Just like Israel, God wishes to redeem all of mankind. He wants to bring us all back into our original relationship with Him. This is found in Genesis 2:8-25 where God and man interacted in the Garden of Eden. There was no need for a mediator for their was no sin; God and man could simply walk and talk together.
God wants us to come back to that relationship. He wants to be directly involved in every person's life, watching how we respond to the world that He has made and helping us by giving to us according to our needs. He wants to bless us with the joys of fellowship, companionship, and work. He loves us so much that He gave the life of His Son on Calvary so that we could be restored to this fellowship with Him.

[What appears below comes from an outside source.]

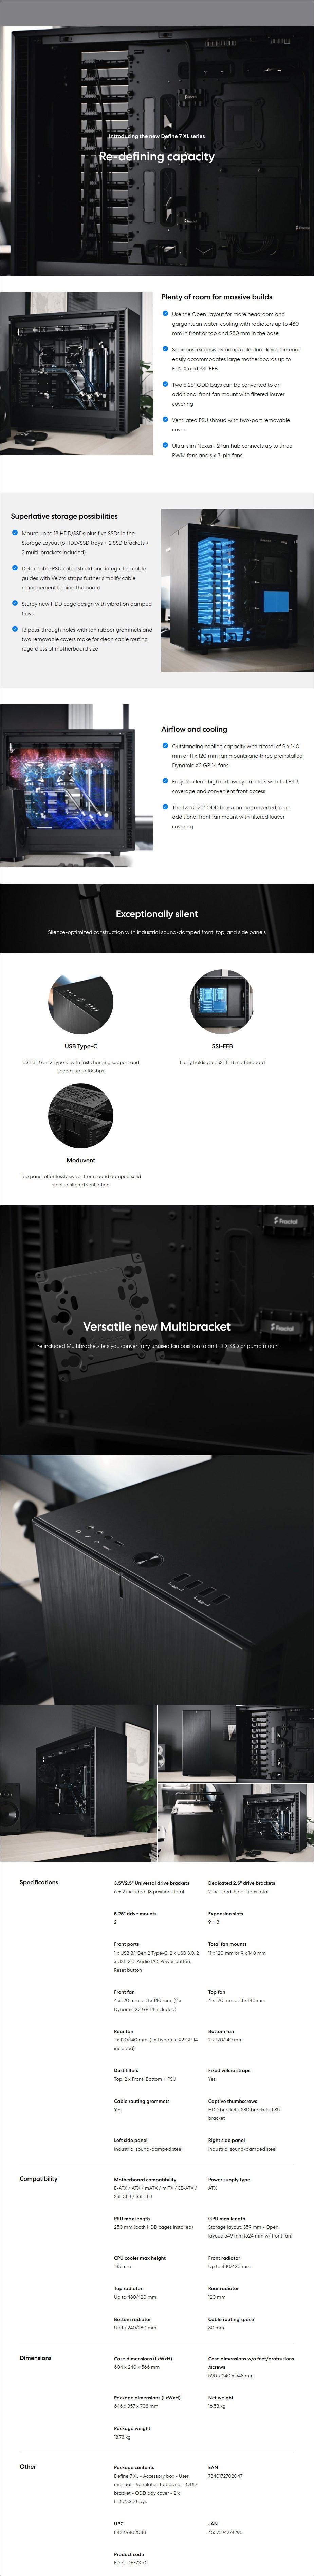 Fractal Design Define 7 XL Full-Tower E-ATX Case - Black - Overview 1

Will you let God redeem you? Will you be restored back to your original design? Will you allow God to walk and talk with you, leading you through life's journey?
By accepting Jesus Christ as your Redeemer, you can go back to Genesis, go back to the perfect relationship where there is nothing between you and a holy, righteous God.
Verse by Verse Commentary
1 God is referring to the time of the complete restoration of Israel (Jer. 30:18-22).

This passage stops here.